Una sana costumbre

22 de octubre, 2019

Por Máximo Paz Decano de la Facultad de Ciencias de la Educación y Comunicación Social de la USAL

 

Ahora sí, la casa está en orden. Si en la primera ronda del debate presidencial Mauricio Macri actuó como si ganara y el candidato Alberto Fernández como si estuviera perdiendo, en la segunda vuelta se cumplió con la lógica de campaña: un Presidente más agresivo e incisivo, tal vez alentado por el apoyo logrado en la autodenominada “Marcha del Millón”. Y un Fernández pugnando por ser más calmo, como queriendo sortear los ataques que sufre aquel que va liderando las encuestas. Lógico.

 

La segunda experiencia de debate presidencial, legalmente constituido bajo el nombre “Argentina Debate”, se ha instalado como una sana costumbre democrática. Y esto debe celebrarse porque configura una buena práctica de la sociedad civil, típica de algunos de los países desarrollados del mundo. Y en este caso hasta el nombre inculcado es feliz porque es propio de una sociedad que gusta de participar de la discusión pública: todos nos sentimos parte de esta conversación que es llevada adelante por seis candidatos.

 

Dicho esto, el análisis sobre el impacto del debate, podría realizarse en dos sentidos: el resultado en sí mismo, o sea, el que “ganó”. Y también podemos reflexionar acerca de su posible influencia en los resultados de los comicios del próximo fin de semana.

 

Disputar el territorio

 

En una mirada centrada en el resultado de la segunda ronda de Argentina Debate 2019, existe un consenso entre los analistas: se produjo un cambio de liderazgo. ¿Estrategia meditada? En oratoria, siempre se indica la conveniencia de hablar en último lugar en un debate o discusión. Ya sea en forma intuitiva o estructurada, se vio al Presidente con más solidez y con la intención de disputar ese territorio simbólico que se puso en juego en cada reproche. En cada intervención, cerró mejor que una semana atrás.

 

Tal vez este fue el cambio más significativo en esa partida de ajedrez estructurada: el resto de los actores se desempeñaron de manera similar a la primera ronda.
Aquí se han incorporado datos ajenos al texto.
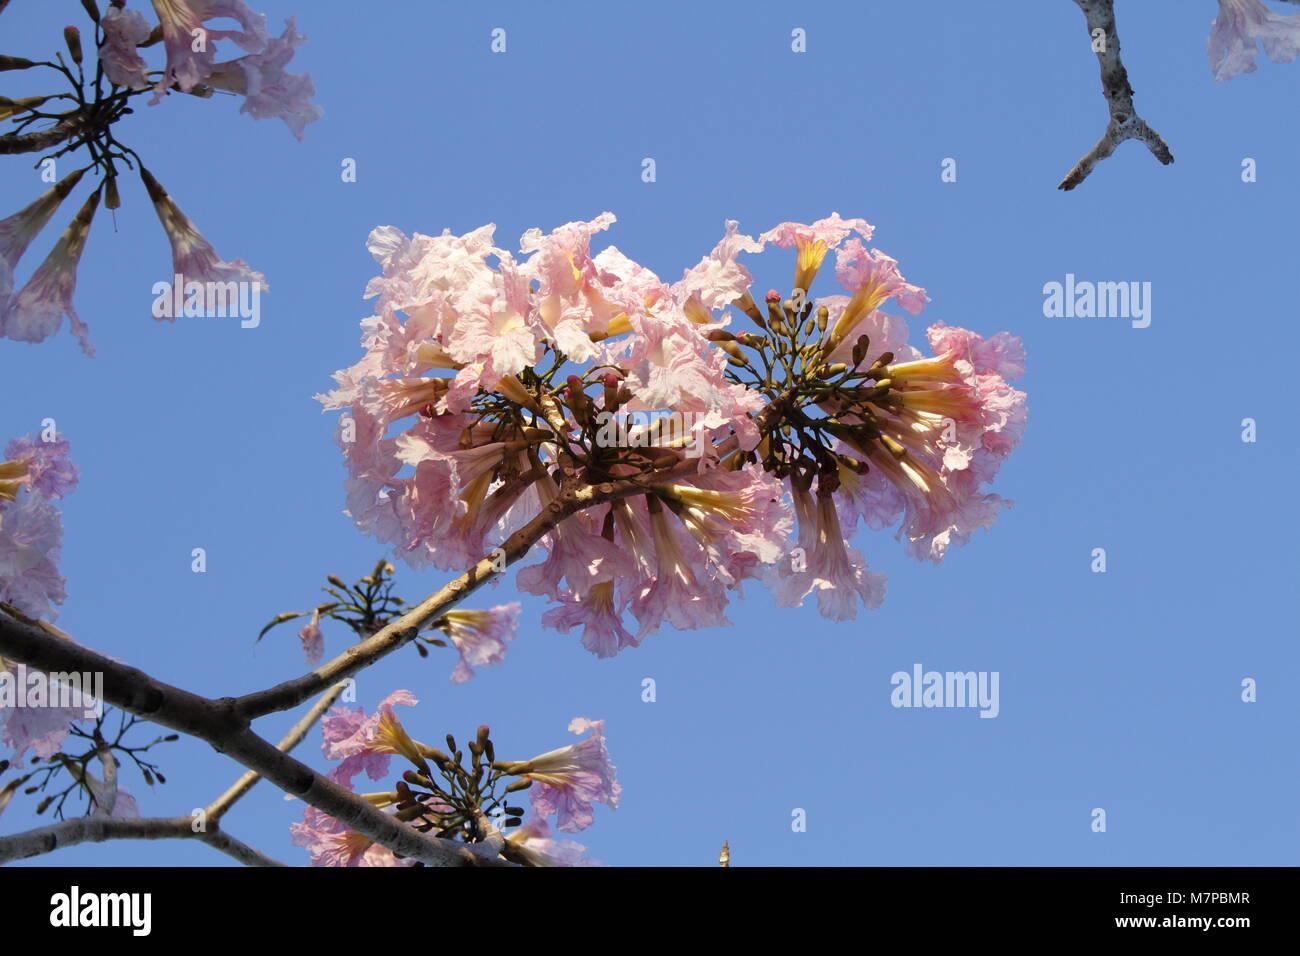 Tabebouia rosea - Stock Image
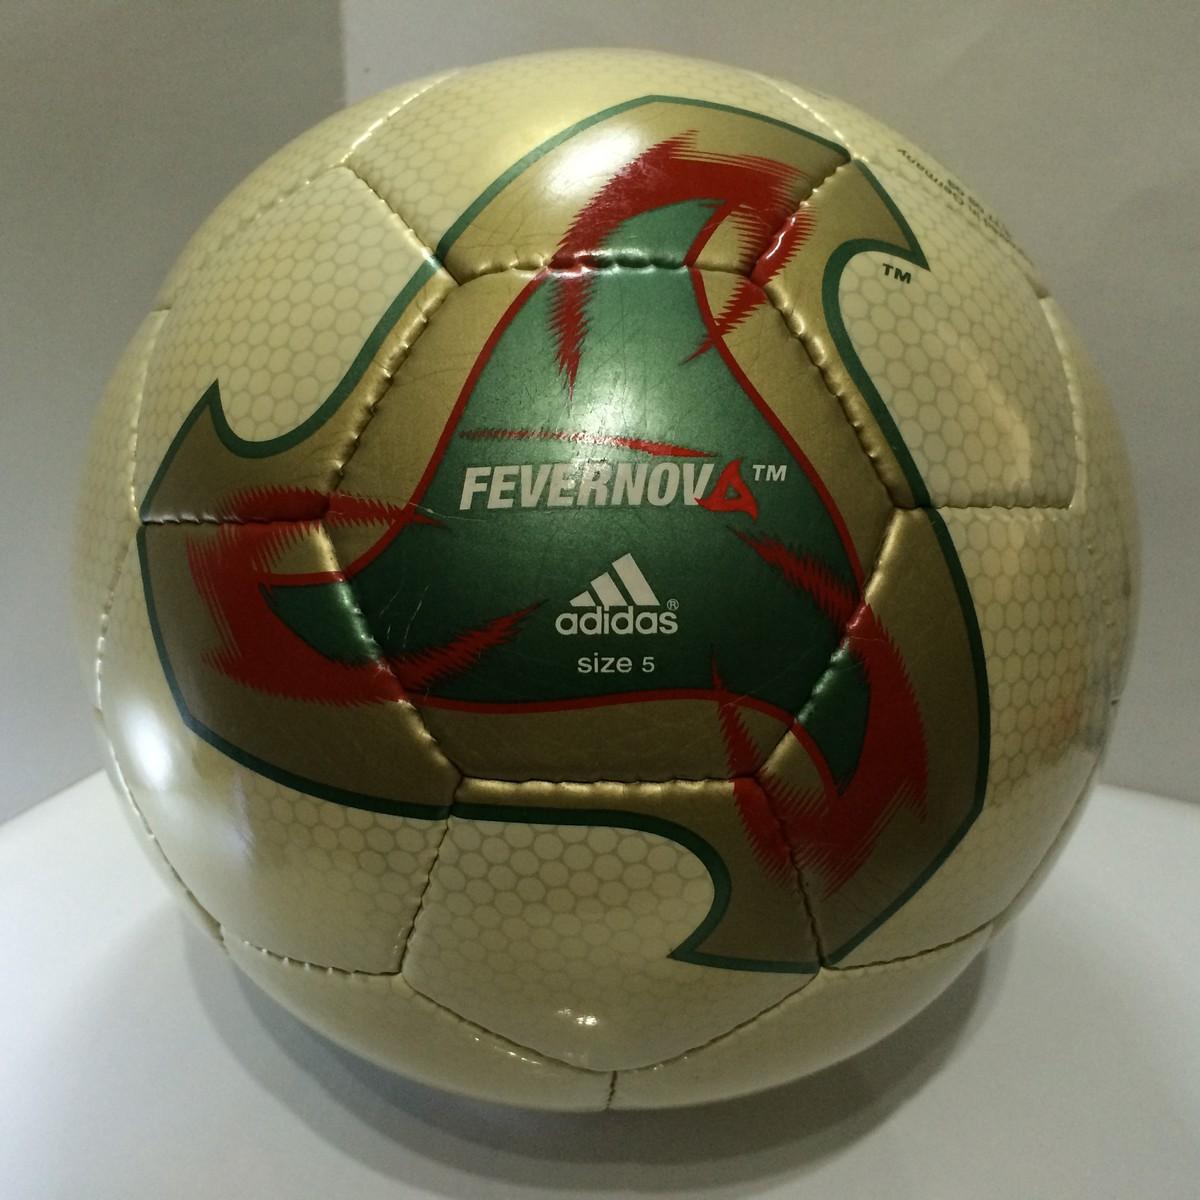 Adidas Fevernova Regular Omb Matchballs Eu

No es llamativo que el candidato José Luis Espert muestre una veteranía en el manejo de su comunicación mediática. Enorme cantidad de horas de vuelo frente a la cámara permitieron que volviera a mostrarse seguro y confiado al dirigirse al electorado. Al punto que queda en el inconsciente colectivo la idea de un voto logrado, pero diferido (“hoy no te puedo votar porque la urgencia es otra, pero en otro momento seguro lo haré”). Un saldo positivo enorme para este candidato.

 

Diferente lo sucedido para el economista Roberto Lavagna y el candidato Juan José Gómez Centurión. Sus profesiones de origen parecen no haberlos beneficiado. Hablaron con tono monocorde y configuraron una oratoria monótona, gris, con poca personalidad. Tal vez aún les cueste comprender que para ganar el corazón del votante, no alcanza solamente con un buen conocimiento técnico de las cosas. Ya fuera del centro de la expectativa, un Nicolás del Caño menos histriónico, cumplió con el objetivo de hablarle exclusivamente a su núcleo duro de seguidores. Así fueron las cosas en esta segunda vuelta. Un Macri (¿ganador?), un Fernández (¿a la defensiva?) y un Espert que tal vez se lleva más de lo esperado.

 

Sobre el impacto en las urnas, la discusión es otra: la estadística, la política (y el movimiento de la economía doméstica concreta) ya tienen ganador. Lo vivido durante el interregno electoral (PASO-debate-elecciones) lo delata. Pero…en nuestro país siempre hay un tal vez. Porque hoy, la cotización del votante es tan volátil como la del dólar y aún se mide que un porcentaje (entre 20% y 30% del electorado) que aún le cuesta definir su sufragio. Todavía pueden producirse migraciones importantes.

 

Los encuestadores continúan afirmando que la historia ya tiene final cierto. En esa escena, el personaje se hizo carne al punto de que los candidatos más importantes se trenzaron detrás de bastidores. Somos un país que gana o pierde los partidos con un gol en el último minuto. A veces con la mano. ¿Todo está dicho? ¿Nada está dicho? Es lo maravilloso de la democracia. A cuidarla y a votar. Nos vemos el domingo.